Sinclair urged the youth to carry forward the task of reconciliation, saying that it will not be achieved within the TRC’s term and possibly not even in this lifetime. “It’s a heavy responsibility…but we will achieve it, if we commit to it,” said Sinclair. “We can’t allow the current situation to continue anymore.”
Sinclair also called on survivors to help young aboriginal men and women recover the language, culture and spirituality that were lost during the 130-year legacy of residential schools. He noted that aboriginal youth are not only demanding to know who they are and what it means to be an Inuk, an Anishnabe, a Dene or a Métis, they also want to be able to say that they are proud of their identity. “We want them to say that [they are proud of who they are], but in order for them to say that, we have to give them something more than anger; we have to give them something more than frustration. We have to give them a pathway to self-respect and pride,” he said.
TRC Commissioner Marie Wilson, for her part, urged Canadians to work together for reconciliation, saying that while the past can no longer be changed, “we can address the present square on.”
She said those gathered at the event are there not as conference participants, spectators or witnesses, but as “implicated witnesses” who have inherited this sad chapter of Canada’s history. “We can decide together, as ancestors of the future, what we choose to leave as a legacy about what our country will become.”
At the opening ceremonies, which the TRC noted was being held in Treaty 6 territory, Elder Bob Cardinal began his opening prayer by reminding people to look at the prayer cloth on stage, which he said was a symbol of “getting along together, loving one another and trying to walk a good way.”
Clark, along with 13 other prominent Canadians, were inducted as honorary witnesses for the TRC, whose goal is to raise awareness about the residential school experience and encourage Canadians to work toward healing and reconciliation.
Canadians as a whole “must recognize what deep damage was done in our name by our institutions-the government and churches,” said Clark. However, he said, the residential school system was “only one part of the unfairness and disrespect with which we have treated our indigenous citizens.” He pointed to the government’s “sorry record” involving treaties and the continuing high rates of disease, mortality and imprisonment affecting aboriginal people. The relationship between government and First Nations leadership has been “fractious and disappointing,” and there has been a decline in genuine interest in indigenous issues among non-indigenous Canadians, he added.
There is a rising tide of disappointment among aboriginal people as a result of continuing injustices, said Clark, who warned that “disappointment as a social force is becoming more combustible.”
Other honorary witnesses inducted at the Alberta National Event were: Governor General David Johnston, Frank Iacobucci (former justice of the Supreme Court of Canada), Dr.

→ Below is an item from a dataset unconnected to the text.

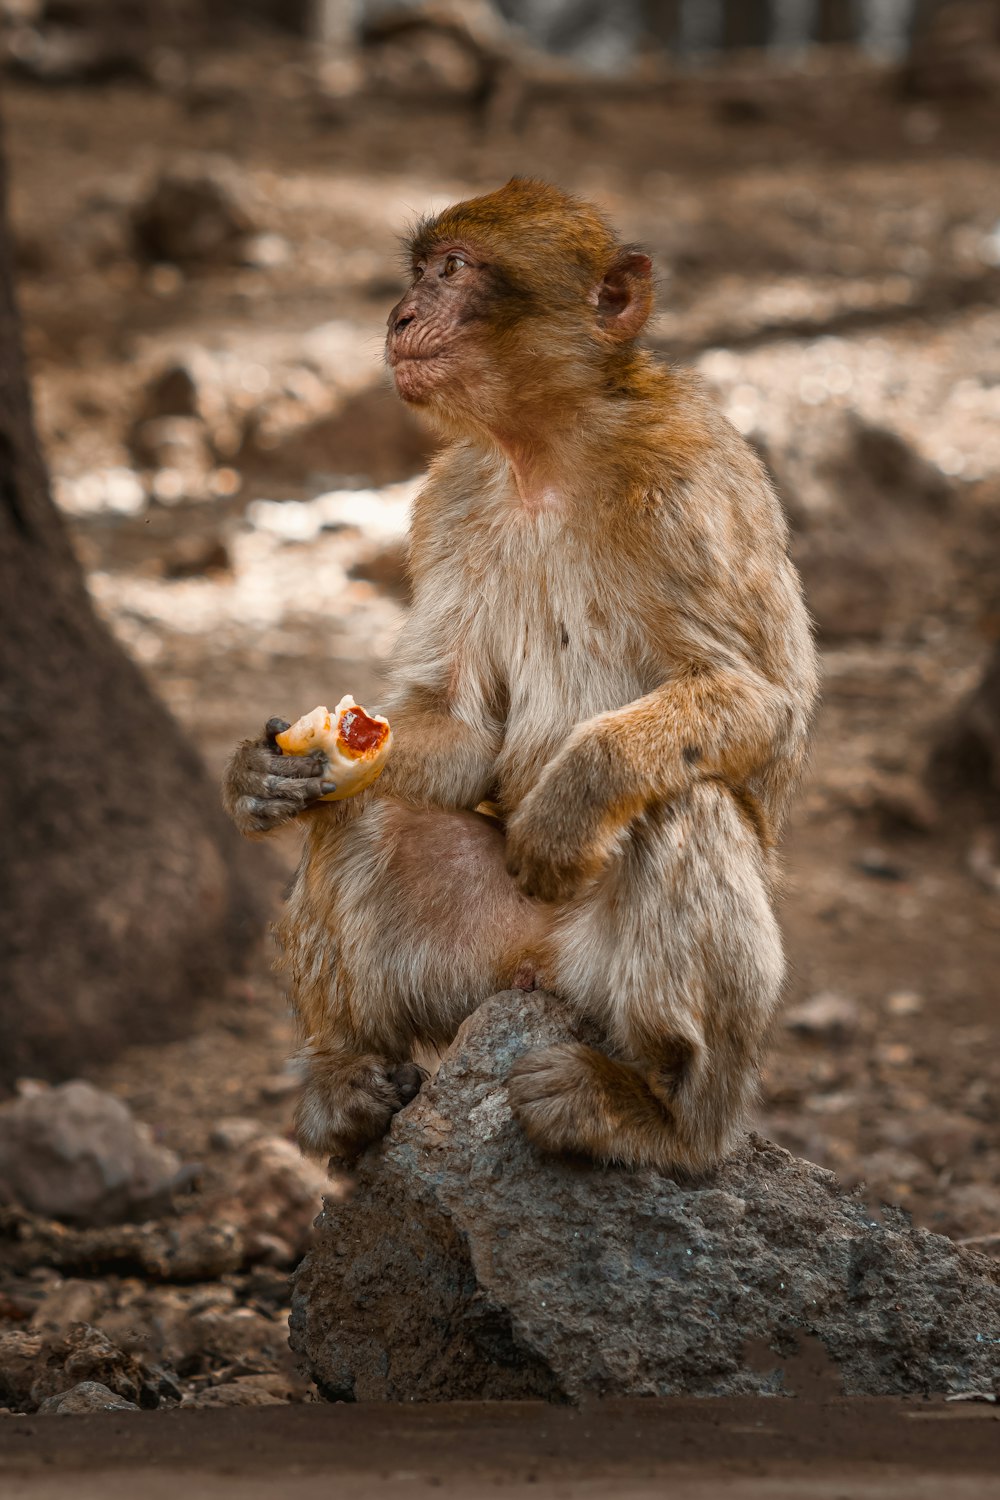 a monkey sitting on a rock eating a piece of pizza

Evan Adams (deputy provincial officer, B.C.), Dr. Cindy Blackstock (executive director, First Nations Child and Family Caring Society of Canada), Wetaskiwin Mayor Bill Elliot, Edmonton Mayor Don Iveson, Atty. Jim Gladstone (former world champion calf roper), David Langtry (acting chief commissioner, Canadian Human Rights Commission), Jane Middelton-Moz (authority in multi-generational trauma, director of the Middelton-Moz Institute), Dr. Mary Simon (chairperson, National Committee on Inuit Education), David Tuccaro (founder, president and CEO, Tuccaro Inc.), Joseph Boyden (award-winning author), and Wab Kinew (musician, broadcaster and educator).